Regarding @Petri_Gostowski’s very good question, I’ll answer from GiG’s perspective. GiG currently has about 160 sites, most of which are smaller local ones and some larger global ones, with AskGamblers being the spearhead. According to rumors, AskGamblers also has an active community and forum where discussions take place regarding operators’ offerings, promotions, reviews, etc. If I recall correctly, there are over half a million registered users. This naturally reduces dependency on search engine results, and on the other hand, a long history likely improves rankings. A broad portfolio, in turn, is beneficial for upselling to operator customers. It is easy to offer campaigns targeting new markets to existing operator customers when your own portfolio supports this. Similarly, larger operators want to work with these bigger affiliate firms when multiple markets can be operated from a single point of contact.

Thinking about Alma and Iltalehti, it also came to mind that larger affiliate firms operate the betting sections of these traditional media outlets, which are popular worldwide. GiG, for example, has a partnership with News Corp UK & Ireland: https://www.news.co.uk/latest-news/gaming-innovation-group-enters-into-partnership-with-news-uk/. I could imagine such cooperation models landing in Finland as well, in the digital newspapers of Alma and Sanoma, if that becomes possible when Finland moves to a new gambling licensing system and marketing is allowed in that regard.

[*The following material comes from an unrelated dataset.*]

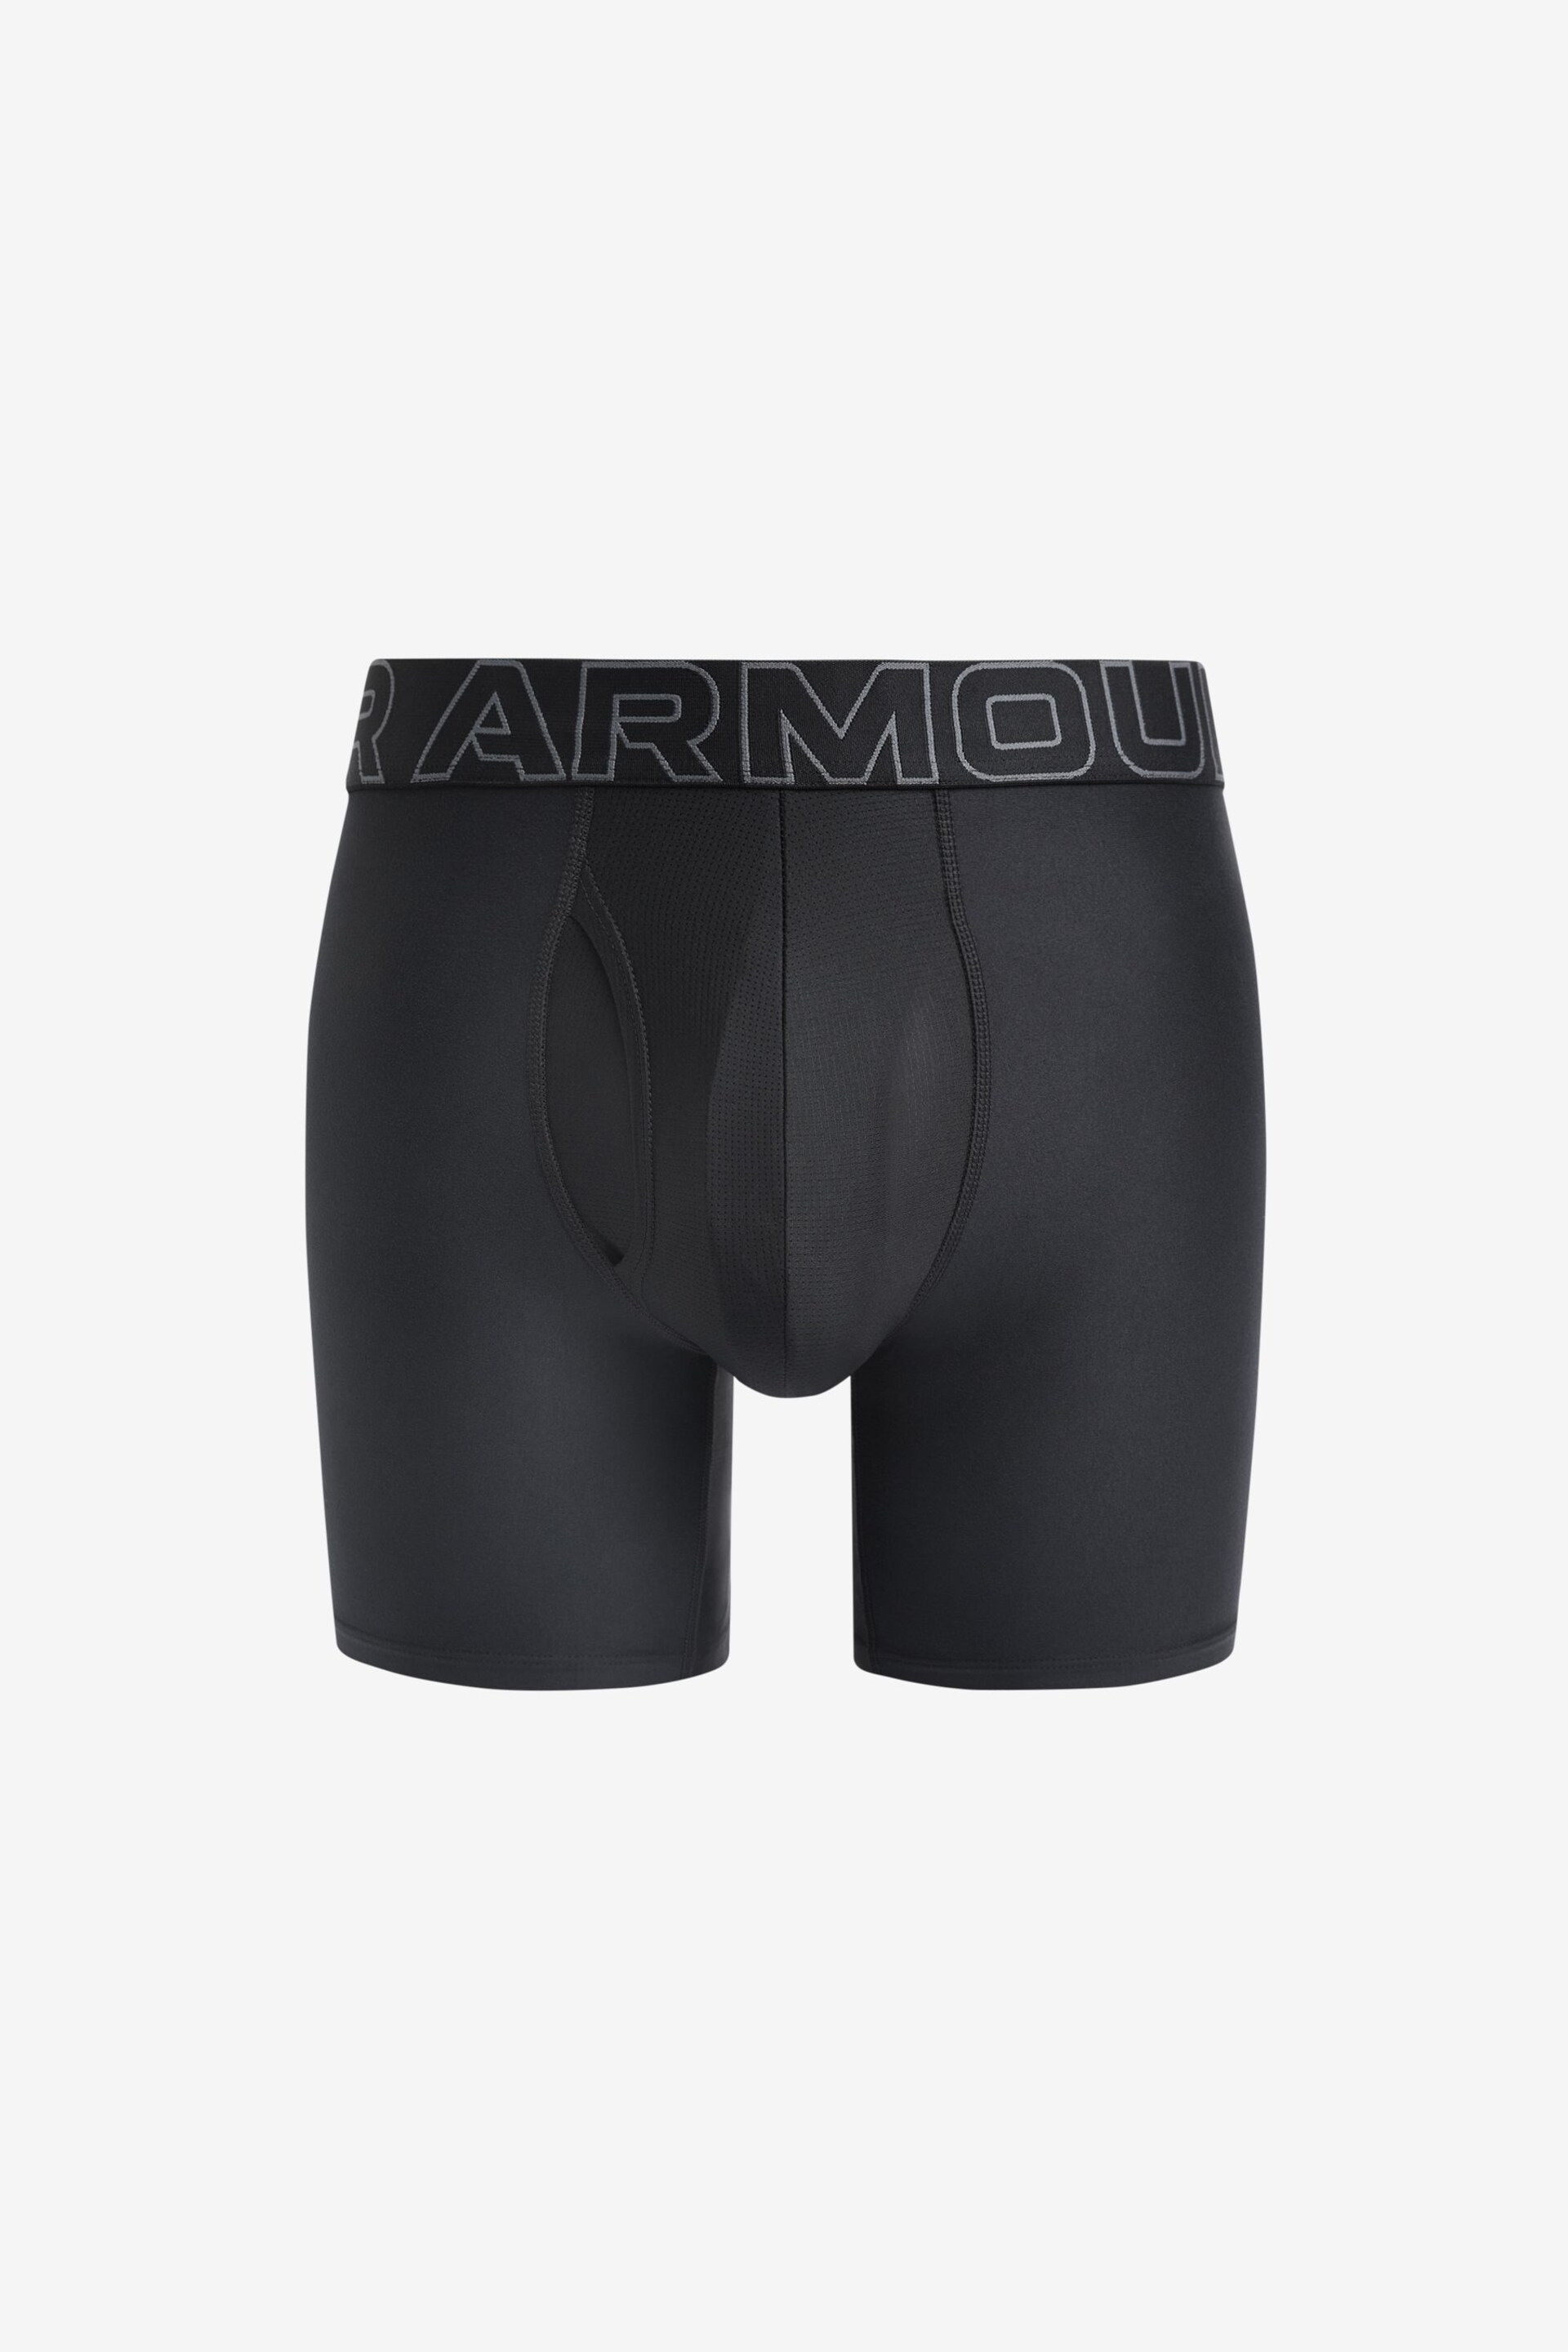 Under Armour Black Performance Tech Boxers 3 Pack - Image 3 of 6

Regarding @Onni_Maiha’s question, GiG no longer runs its own B2C sites; it sold those business operations to Betsson in 2020. Regarding the history, it should be noted that at that point, the group was in financial difficulties and the sale was partly forced to get the balance sheet into better shape and focus the business on the B2B side. In a way, it is a turnaround company, and the history might still weigh on the current valuation. By the way, the sold Guts, Rizk, Kaboo, and Thrills brands still operate on GiG’s platform, and at least Rizk has successfully expanded in the Balkan region, in Croatia and Serbia. Generally, the casino side is more profitable for operators, and I’ve joked with friends that the SB (sportsbook) side serves as a customer acquisition channel for the casino. When evaluating player value for operators, the highest-value customers use both casino and sports.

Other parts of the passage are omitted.